Until we can find a way where the risk of advertising is borne by the agency – and those risks run to many millions of dollars – then my view is the client retains the IP. I really don’t understand this debate. The only IP an agency can own is its talent management and idea creation processes. The rest is manufactured on commission by the client.
PW – You’ll have problems with smaller agencies… they have limited funds. Most will and should ask for bank interest rates to be baked into the terms. Agencies should not be treated as financiers.
JB – Smart agencies will build in a cost of credit to their fees. Transparent or hidden. Less smart ones will be less profitable. It’s just another way for clients to extract value. A point of negotiation. Common in all industries.
PW – Yes… it helps to have a regular 2-way dialogue on the health of the relationship and to identify ways you can help each other improve the partnership. It also helps nip teething problems in the bud.
PW – Align them with those of your marketing team. Try to give the agency KPIs that it can actually have maximum effect on… not those beyond its control or remit.
PW – Objective primarily.
JB – I prefer a mix of measures across relationship and results. Have we delivered great work together? Did we do it in a way that we’d all be excited to repeat? Any agency / client contract that isn’t strong in both areas will ultimately fail. The real issue is that the whole process is almost always set up in favour of the client, as the owner of the ultimate sanction.
Whilst many of the well known processes purport to be about client and agency performance I have rarely met an agency CEO who feels it is genuinely a two way process. Once this process is linked to agency remuneration, all pretence of a two way dialogue is gone. The issue is not with the process, but with the way it’s enacted.
Agencies spend much time and effort getting to know a client’s business. Clients, myself included, historically spend significantly less time trying to understand an agency’s problems. Understandable in a buyer / seller relationship. Normal even. But the best way to build long-term partnerships? Maybe not.
PW – Its extremely hard to isolate the effects of an agency from all other elements of the marketing mix. So most PBRs don’t work… or are hard to implement.

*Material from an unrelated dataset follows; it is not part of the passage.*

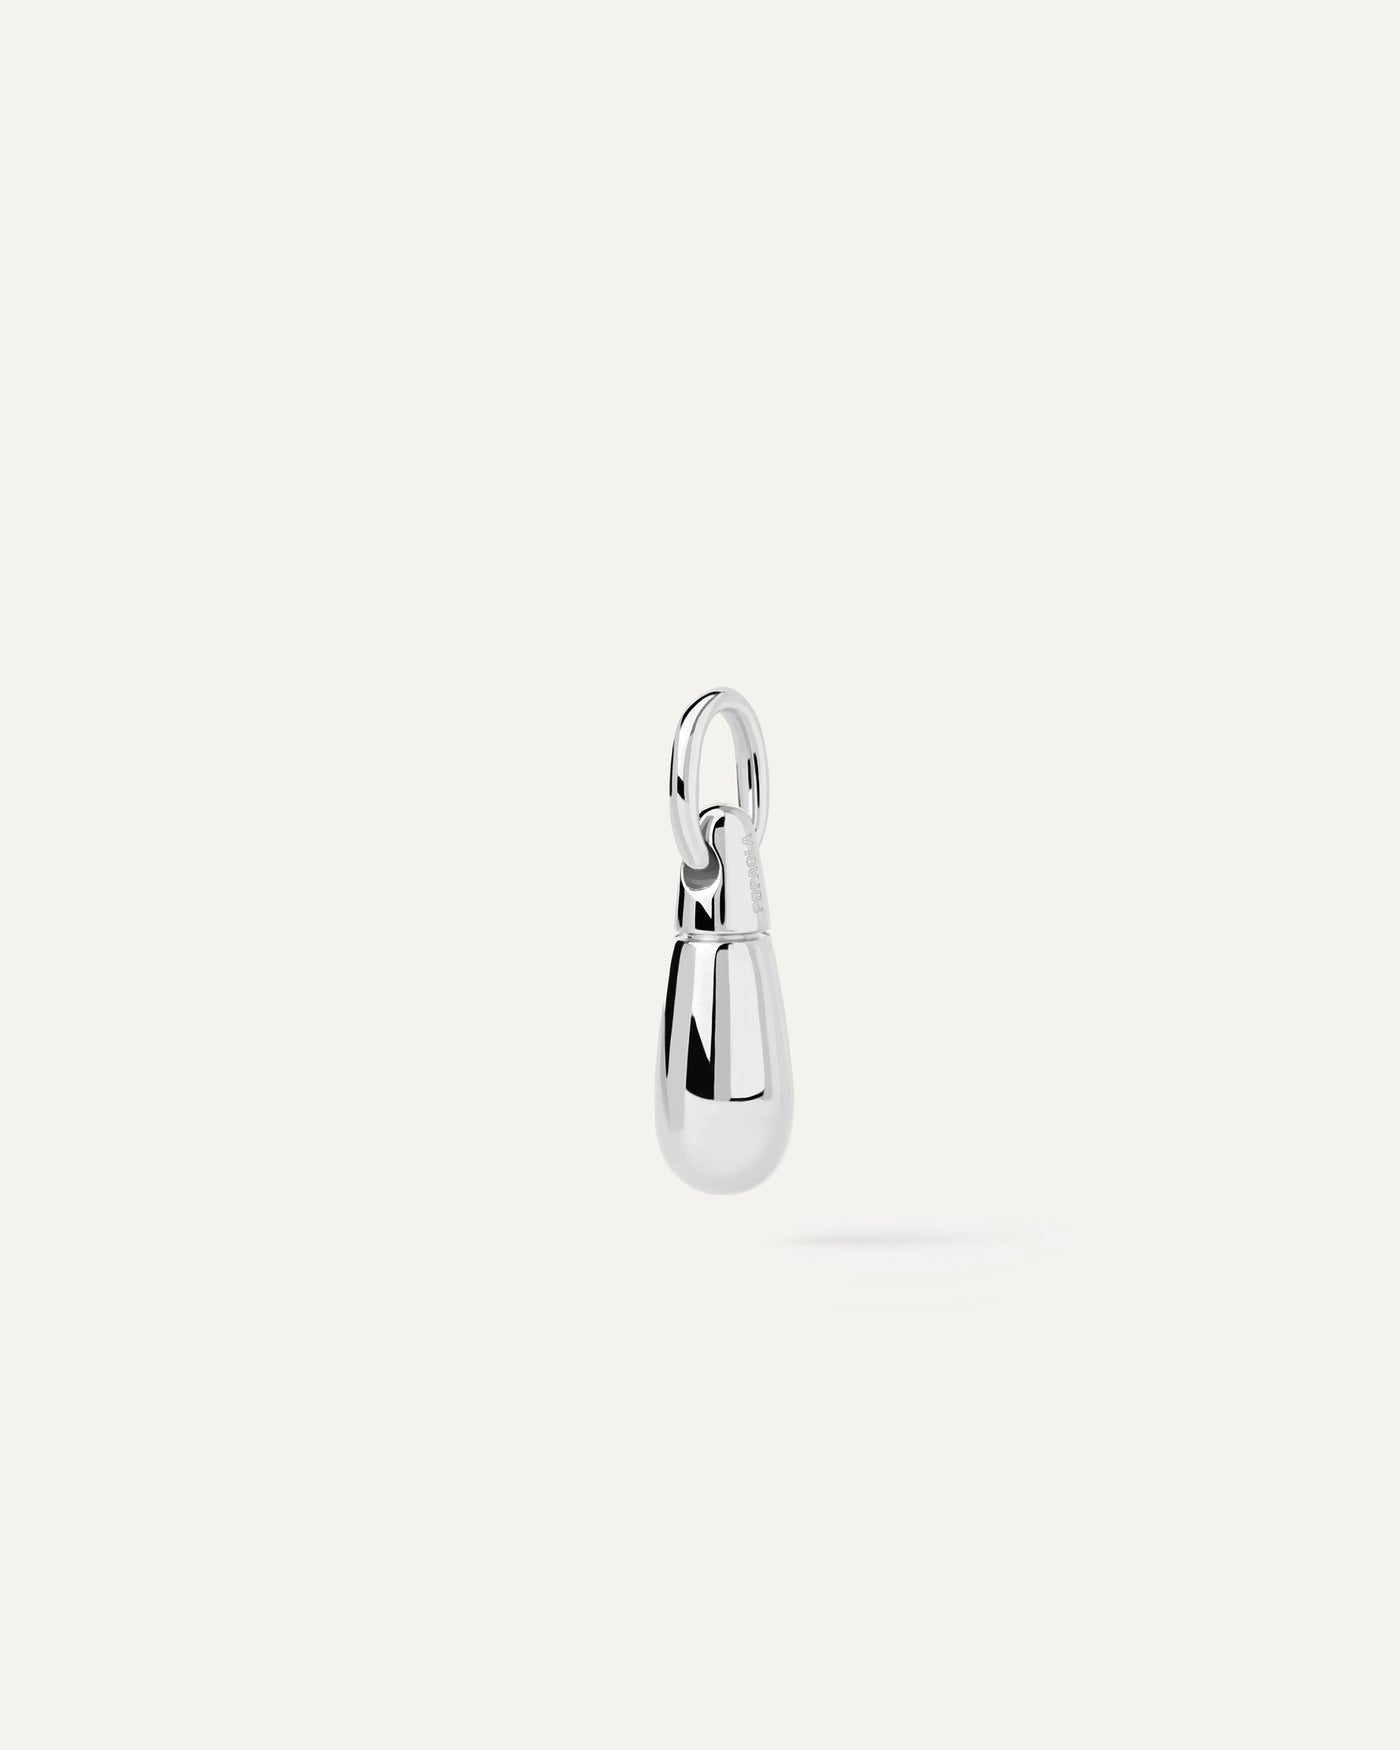 2023 Selection | Drop Silver Pendant. Get the latest arrival from PDPAOLA. Place your order safely and get this Best Seller. Free Shipping.

PBRs work best if an agency puts at risk a portion of its profit margin, in return for the opportunity to make a good upside for achievement of KPIs. Recognise the margin is actually slim so to do so should afford significant opportunity.
JB – An element of risk and reward is always healthy. But given how hard it is to attribute the business impact of any single agency’s work, it’s difficult to see how this can become a major part of remuneration. For either side. In my experience I have rarely seen an agency work harder or do better work because of the performance related element.
The practice I see more often by agencies is a ‘writing off’ of the performance element and then selling behaviours to find other ways to replace the revenue. As a client the fees budget tends to be a fixed item, under scrutiny and pressure. As such having a major variable in the budget for performance makes management of the P&L harder and thus to be avoided. In the main I think this is just ‘how it is’ and seeking a better way is not a good use of time or effort.
Would love to hear your thoughts on these questions.